Two recent Northwestern University cases show up among those AAUP examples of what they see as overreaching. NU professor Laura Kipnis was the target of a Title IX complaint and investigation in 2015, after she published “Sexual Paranoia Strikes Academe,” a provocative romp of a piece in the Chronicle of Higher Education. (She was exonerated, and followed up with another Chronicle article, “My Title IX Inquisition.“)

In the second case, “Head Nurses,” a first-person account of a therapeutic blow job bestowed by a nurse on a paralyzed patient, was censored from Atrium, an online journal published by Northwestern’s Feinberg School of Medicine. Northwestern eventually relented, but last year guest editor Alice Dreger resigned her faculty position in protest. AAUP interprets the incident as an example of the chilling effect of a Title IX-induced administrative “climate of fear” regarding “any discussions of sex.”        

AAUP—always a champion of “shared governance”—wants faculty input on Title IX policies and procedures, and peer review of complaints against faculty members. The report also proposes a broader, more systemic approach to problems of sexual discrimination, including support for more teaching and research on all kinds of inequality.

“AAUP’s position has always been and continues to be that we can and should address problems of sex discrimination, including sexual harassment and sexual assault on campus,” Lieberwitz says. But, she adds, “We need to step back and look at the broader context and ask are we applying Title IX in a way that’s moving us forward in addressing gender inequality.”
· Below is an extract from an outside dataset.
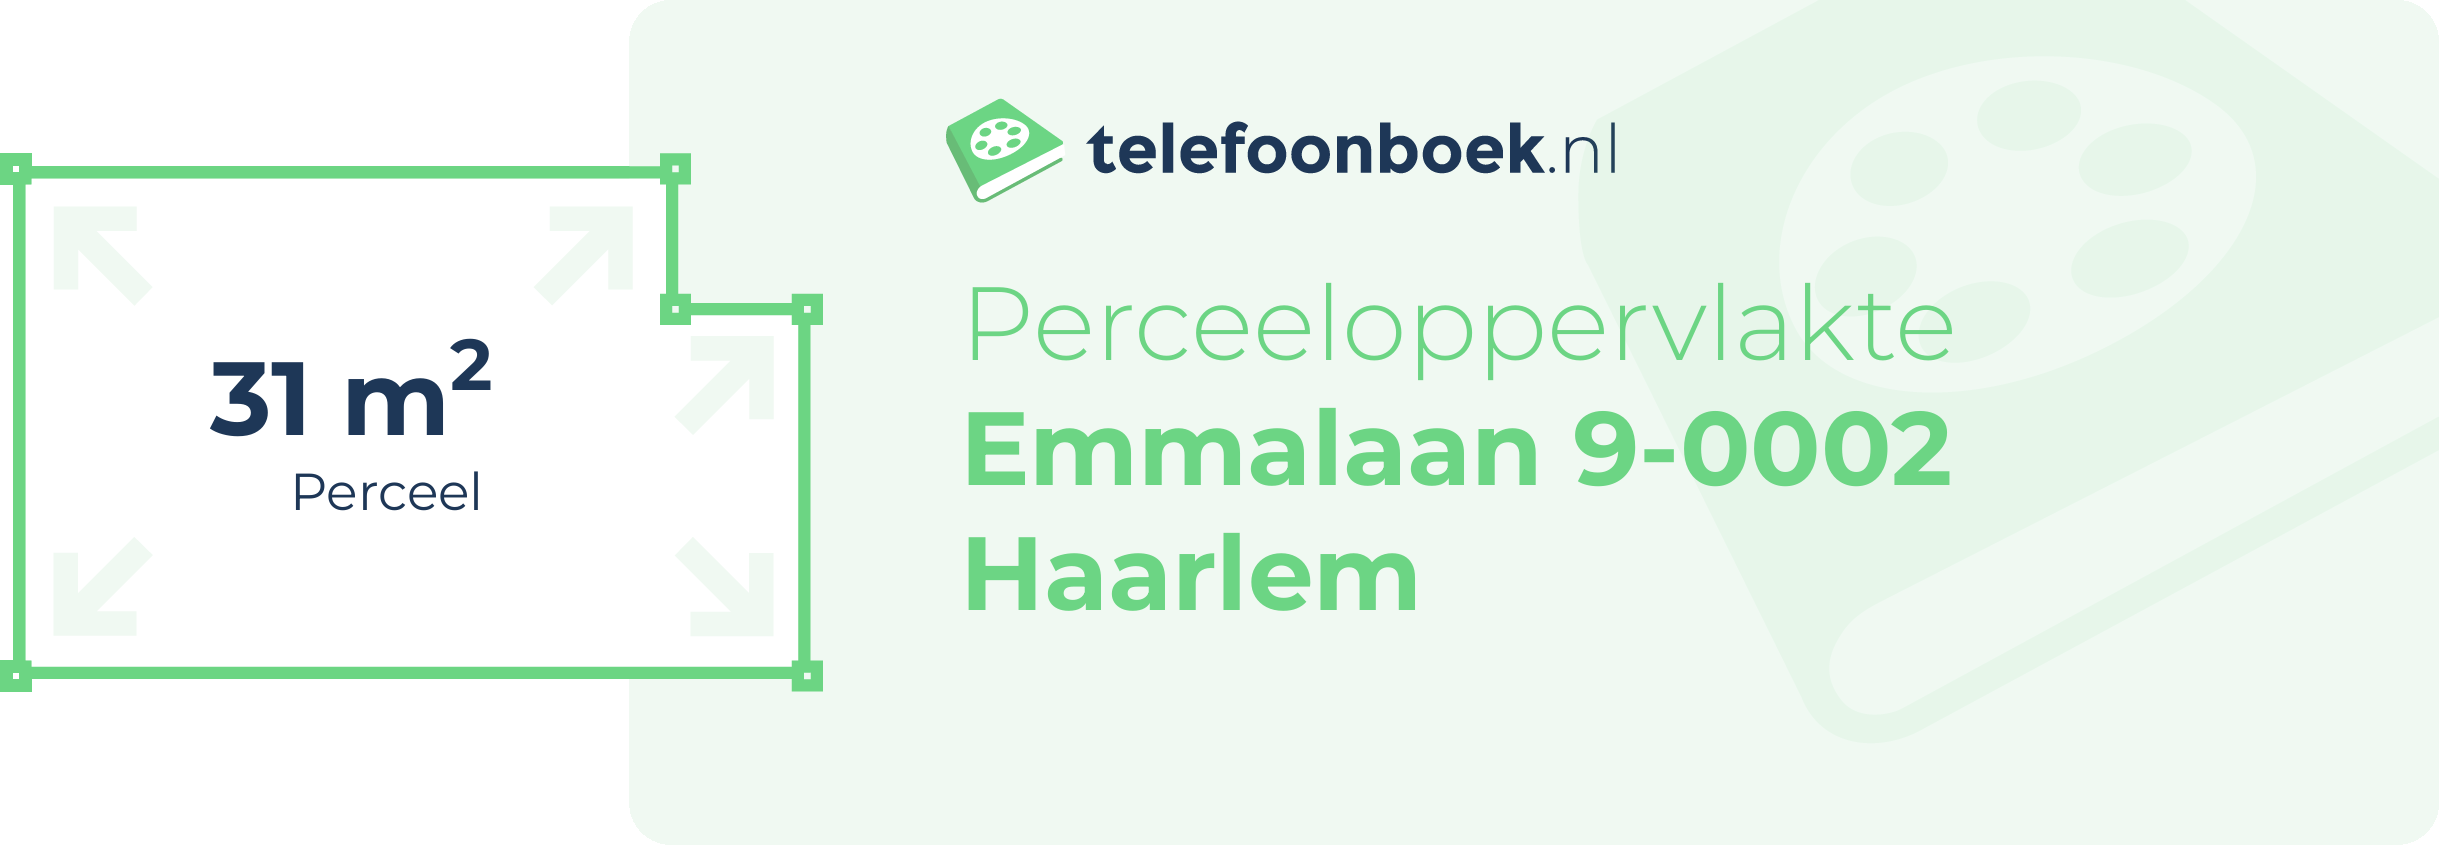 Perceeloppervlakte Emmalaan 9-0002 Haarlem
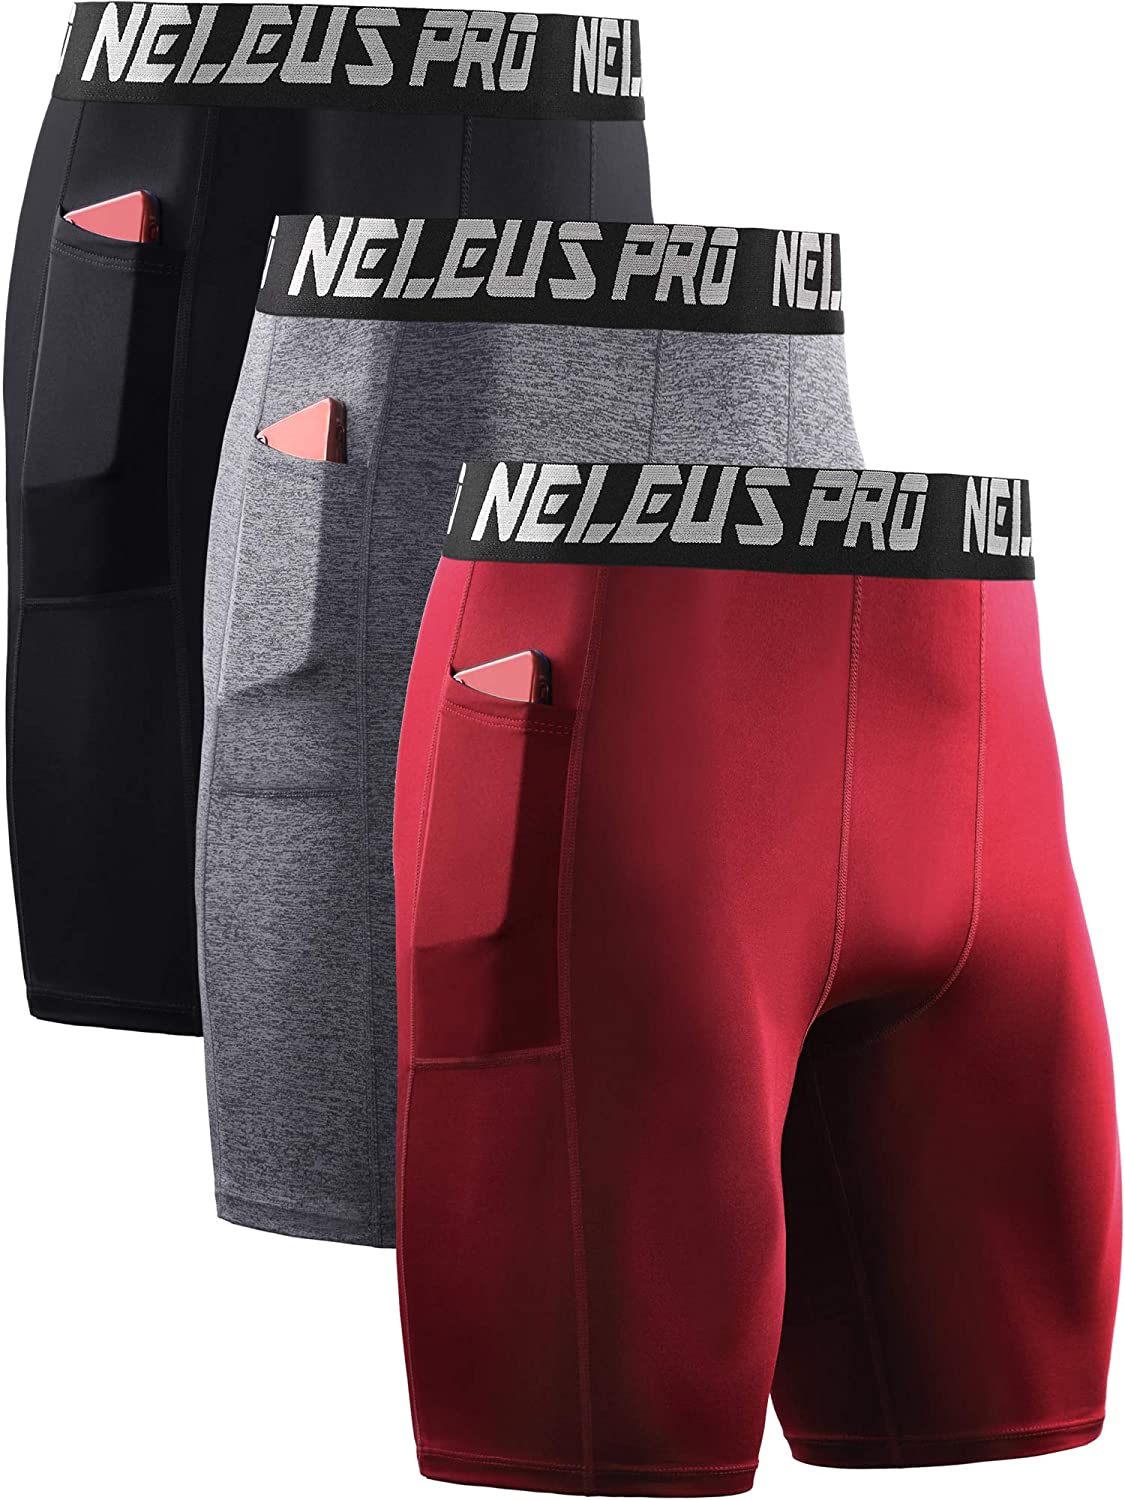 Neleus Men's Compression Shorts Pack of 3

Perhaps there’s a middle ground. Northwestern University sociology professor (and director of Northwestern’s Center for Legal Studies) Laura Beth Nielsen says the AAUP’s concerns “are really important to think about, and to get right. We don’t want to impinge on academic freedom.” But she goes on:

The problem with the report is that it overplays these distressing and yet relatively rare kinds of problems at the expense of the problem that we know happens all the time—which is that women are sexually assaulted on campus, and under five percent of those sexual assaults are reported. We should not be so worried about tenured professors having to go through a bureaucratic process that we forget about where this is all coming from. 

The 56-page report, which closes with recommendations for DOE, administrators, and faculty, is a draft. Comment from AAUP members and the public is invited.